- The Washington Times - Sunday, February 15, 2015

ANALYSIS/OPINION:

Pete Rose may have had great timing at the plate and on the base paths, but when it comes to lifting his lifetime ban from baseball for betting while manager of the Cincinnati Reds, Rose strikes out.

This time, though, it’s not his fault. It’s just bad timing.

New baseball commissioner Rob Manfred has been a Chatty Cathy since he officially took office. He wants to speed up the game, maybe consider stopping fielding shifts, and has basically let everyone know that he is open for business and everything is on the table ­— including reinstating Rose, the all-time Major League Baseball leader in hits.

“I have heard from his lawyer, and I do anticipate having a conversation about that,” Manfred told ESPN Radio last week when asked about reinstating Rose. “I’ve been very careful not to say anything about the merits of it because ultimately I’ll have to make a decision there. It’s a conversation I’m expecting to have.”



But just a few days earlier, Manfred also opened the door to baseball dropping its opposition to legalized sports betting when he was asked on ESPN’s “Outside The Lines” about the growing movement — particularly in New Jersey — for legalized sports betting.

“Nobody’s talking about a situation where anyone, any way involved with the play of the game on the field, would be subject to rules different than they are today,” Manfred said. “The ban on that type of involvement would stay in place.
“Having said that, gambling, in terms of our society, has changed its presence,” Manfred continued. “The legalization. And I think it’s important for there to be a conversation between me and the owners about what our institutional position will be.”

Well, you can’t do both.

You can’t relax your “institutional” position on legalized sports betting, maintain your staunch institutional position on gambling for those in the game, and then welcome back the poster boy for your “ban on that type of involvement.” You can’t make a monumental shift in your position on sports betting among the fan base and then relax your standards inside the game to welcome back an icon who bet on his own team as Reds manager.

Again, bad timing for Rose.

This time, though, it’s not his fault.

The last time Rose was close to be reinstated — so close that a plan appeared to be in place for him to come clean and for then-commissioner Bud Selig to lift the ban — Rose sabotaged it by instead staging an early release of his 2004 book, “My Prison Without Bars,” with a Sports Illustrated excerpt where Rose finally admitted what was in the John Dowd report — that he indeed bet on his team while managing.

It is the most mortal sin in baseball — it nearly destroyed the game in the midst of the 1919 “Black Sox scandal” — and Rose made his confession for profit instead of standing next to Selig in a press conference that would have paved the way for a lifetime ban issued by then-commissioner Bart Giamatti in 1989 to be lifted. He also did so the week that the National Baseball Hall of Fame election results were being released.

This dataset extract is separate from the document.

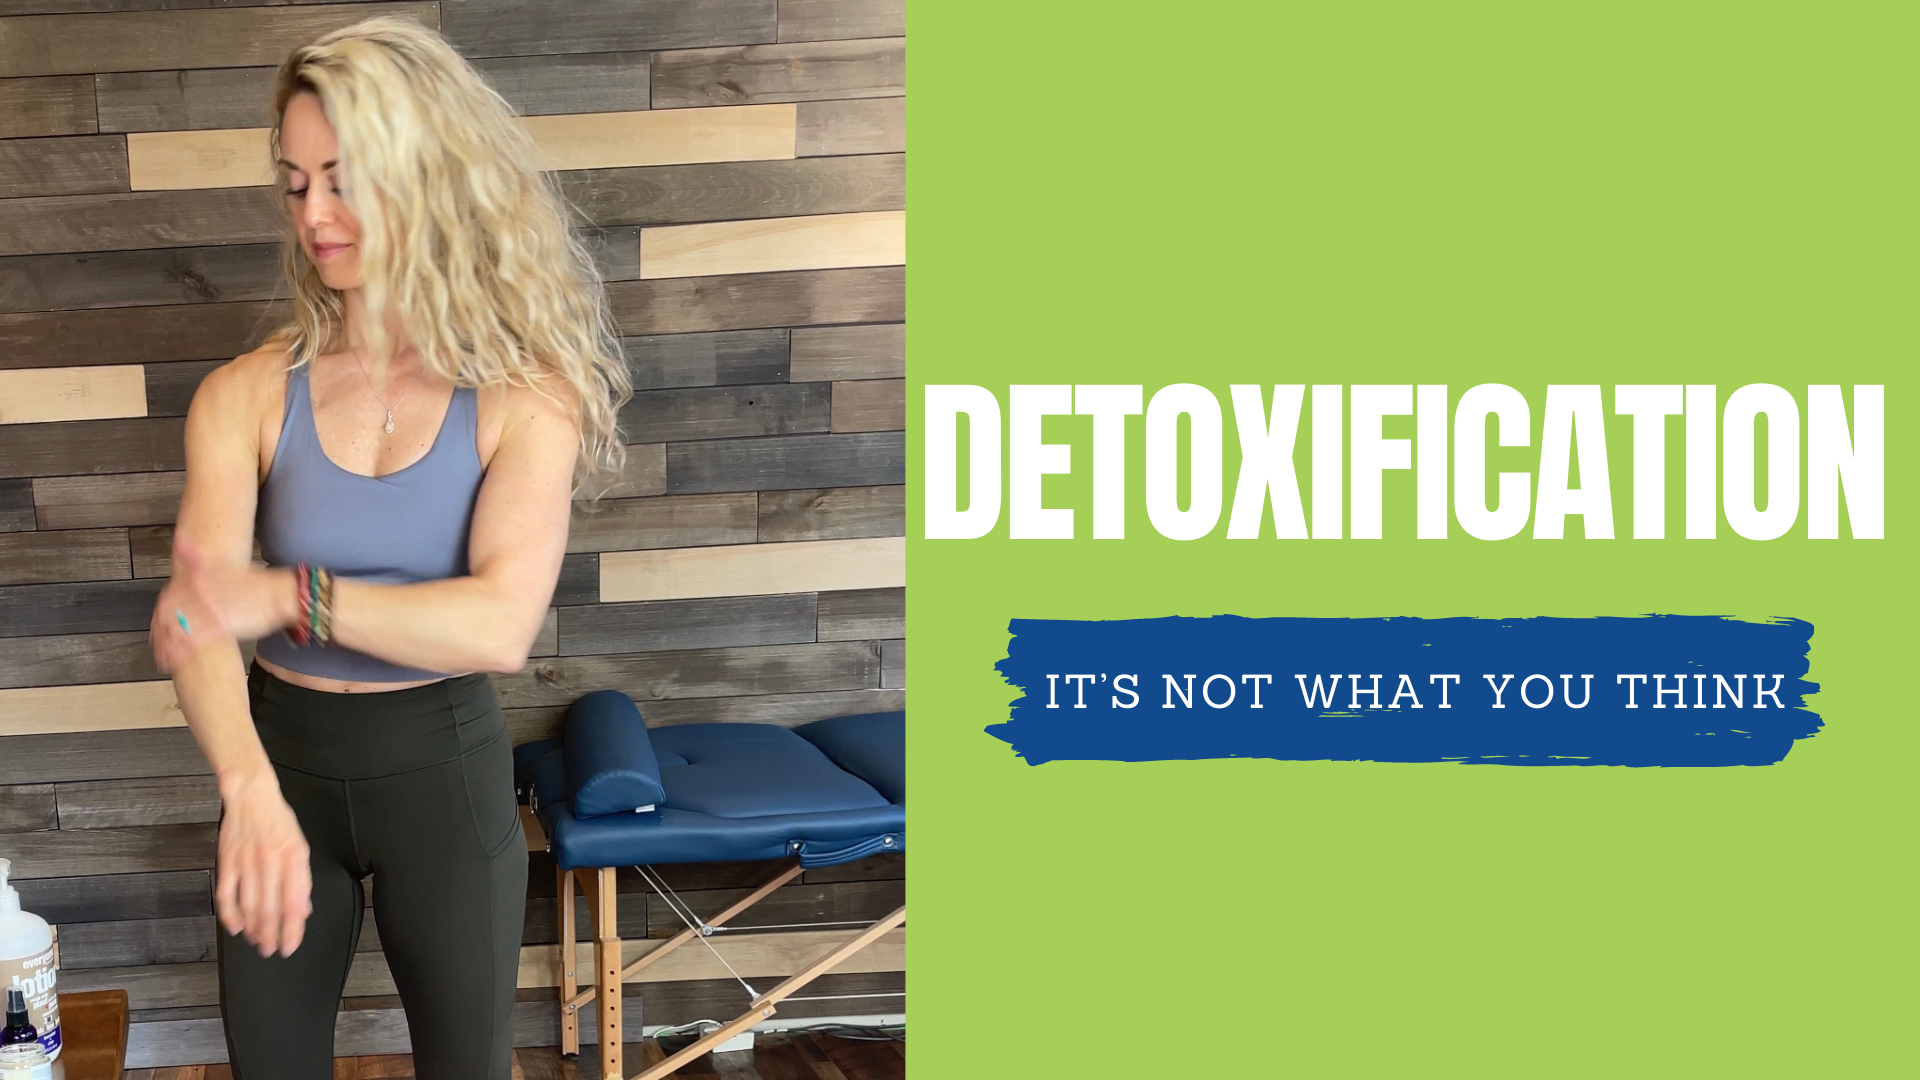 Detoxification… it’s not what you think￼￼

That scuttled any chance that Rose’s ban would be lifted as long as Selig was commissioner.

It also brought to light that behind the scenes, among Hall of Famers, Rose’s presence would not be embraced. Ferguson Jenkins, who had been a supporter, wrote a letter to Rose after his book came out that said, “Knowing what I know now, I will never support your reinstatement to the game or your bid for the Hall.” Former teammate and friend Joe Morgan was outraged at Rose’s blatant mercenary decision to profit from his confession.

Those were some of his supporters. Privately, a number of Hall of Famers have never supported Rose’s Hall of Fame bid, which complicates any reinstatement.

There would have to be some sort of special exemption made for Rose for him to appear on the Baseball Writers Association of America Hall of Fame ballot, since it would be well past the 15-year period a candidate can be on the ballot once he becomes eligible five years after retirement. As it stand now, his future in Cooperstown would rest in the hands of the Hall’s “Golden Committee” — formerly known as the Veterans Committee — and it’s uncertain, at best, Rose would receive a warm welcome there.

First, though, there is Manfred, who has signaled that baseball may relax its position on legalized sports betting outside of the family.

If and when he does that, you can’t send the same message inside the family. The message then, if anything, has to be tougher, more diligent, about the influence of gambling inside baseball.

That’s not the message reinstating Pete Rose delivers.

• Thom Loverro is co-host of “The Sports Fix,” noon to 2 p.m. daily on ESPN 980 and espn980.com.